Effects of low-molecular-weight organic acids on the dissolution of hydroxyapatite nanoparticles

Abstract

Hydroxyapatite nanoparticles (HANPs) have recently been advocated as a highly efficient and environmentally benign ‘green’ phosphorus (P) nanofertilizer in modern agriculture. However, knowledge of how low-molecular-weight organic acids (LMWOAs) secreted by plants in agricultural soils mediate the dissolution of HANPs and release of dissolved phosphate is nonexistent. Here, three of the most commonly occurring LMWOAs (acetic, oxalic, and citric acids) were evaluated for their roles in HANPs dissolution in both batch and column systems. Particularly, O-isotopic ratios of dissolved phosphate during HANPs dissolution were measured to disentangle mechanisms controlling isotope fractionation. Our results reveal that in a batch system HANPs dissolution was very fast but the overall dissolution efficiency was low (≤30%), unlike in a column system where ∼100% dissolution was achieved.

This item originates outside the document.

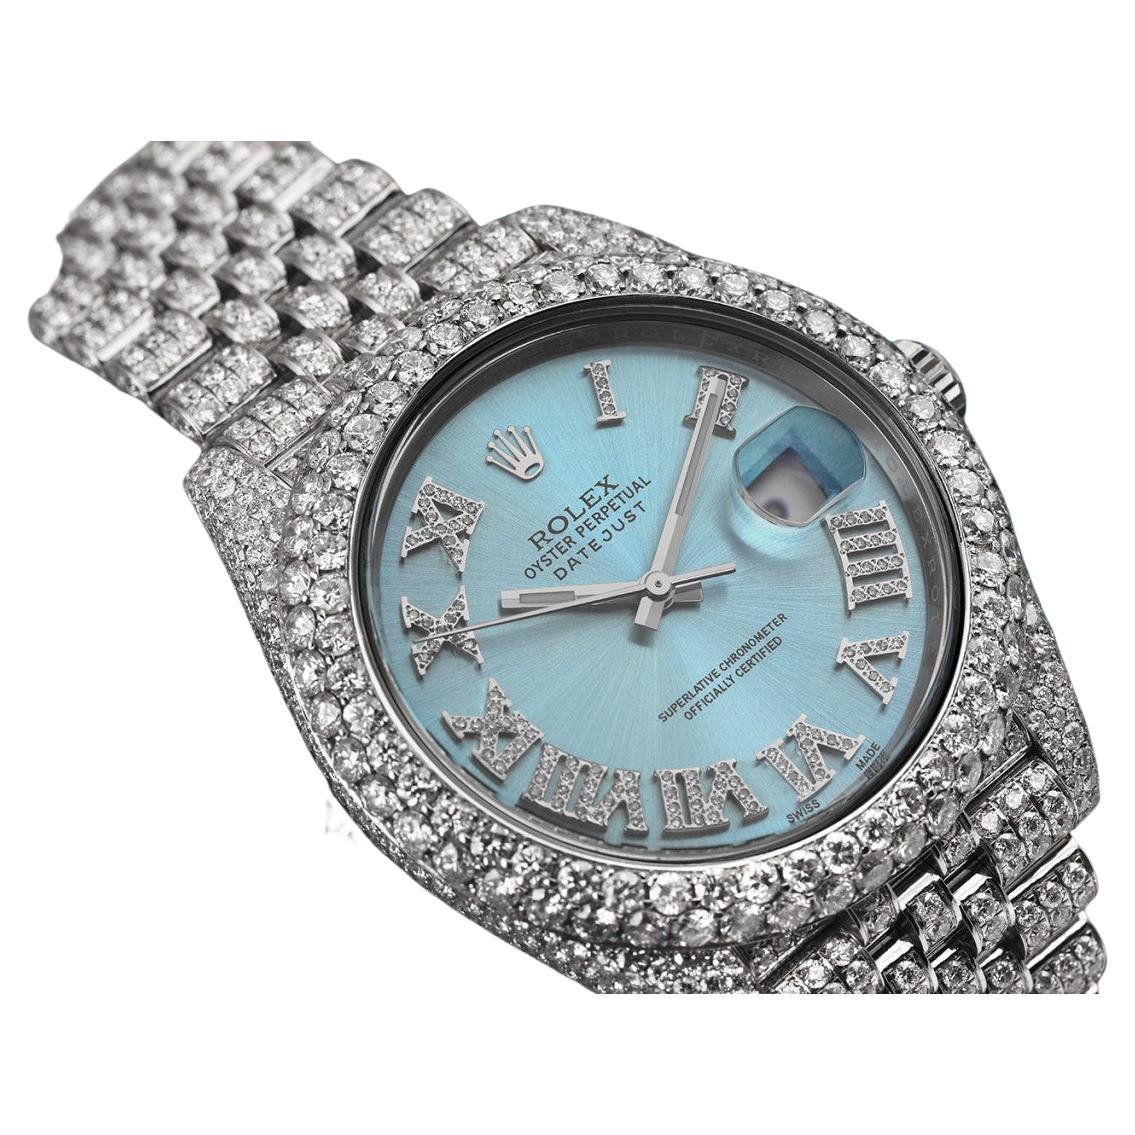 Rolex Herren Datejust Edelstahl benutzerdefinierte vollständig Iced Out Uhr
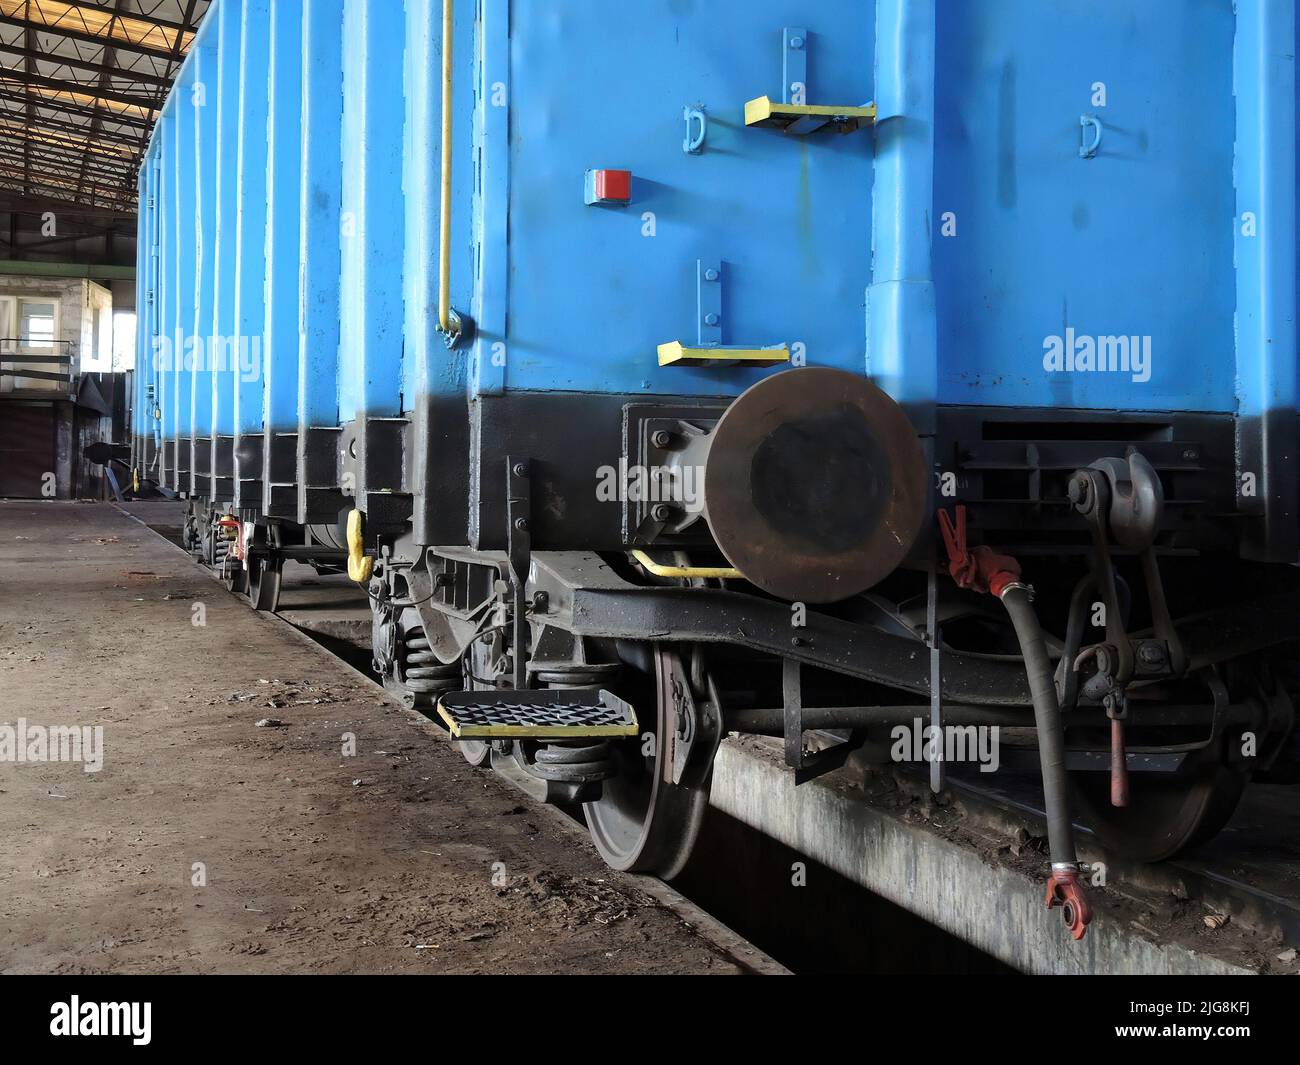 Blauer Wagen in einer alten Werkstatt von Waggons und Lokomotiven. Ort der Reparatur und Renovierung für Züge. Stockfoto

The low dissolution efficiency of HANPs in the batch system was due predominantly to rapid consumption of protons, whereas in the column system the HANPs were progressively dissolved by low pH LMWOAs and reaction products were eluted out. Regardless of LMWOA type and experimental system, the isotopically lighter phosphate (P¹⁶O₄) was preferentially released during the initial phases of dissolution and dissolved phosphate became gradually P¹⁸O₄-enriched with time. This fractionation was less in batch (−0.3‰ to +1.1‰) than in column (−1.3‰ to +1.1‰) systems due primarily to lower dissolution efficiency and higher P¹⁶O₄ and P¹⁸O₄ exchange between HANPs and dissolved phosphates. The Rayleigh model well described O-isotopic fractionation of dissolved phosphate under different LMWOAs. Overall, our findings provide important insights into the dissolution kinetics and O-isotopic evolution of phosphate-based NPs that are relevant to plant–soil systems particularly at the rhizosphere.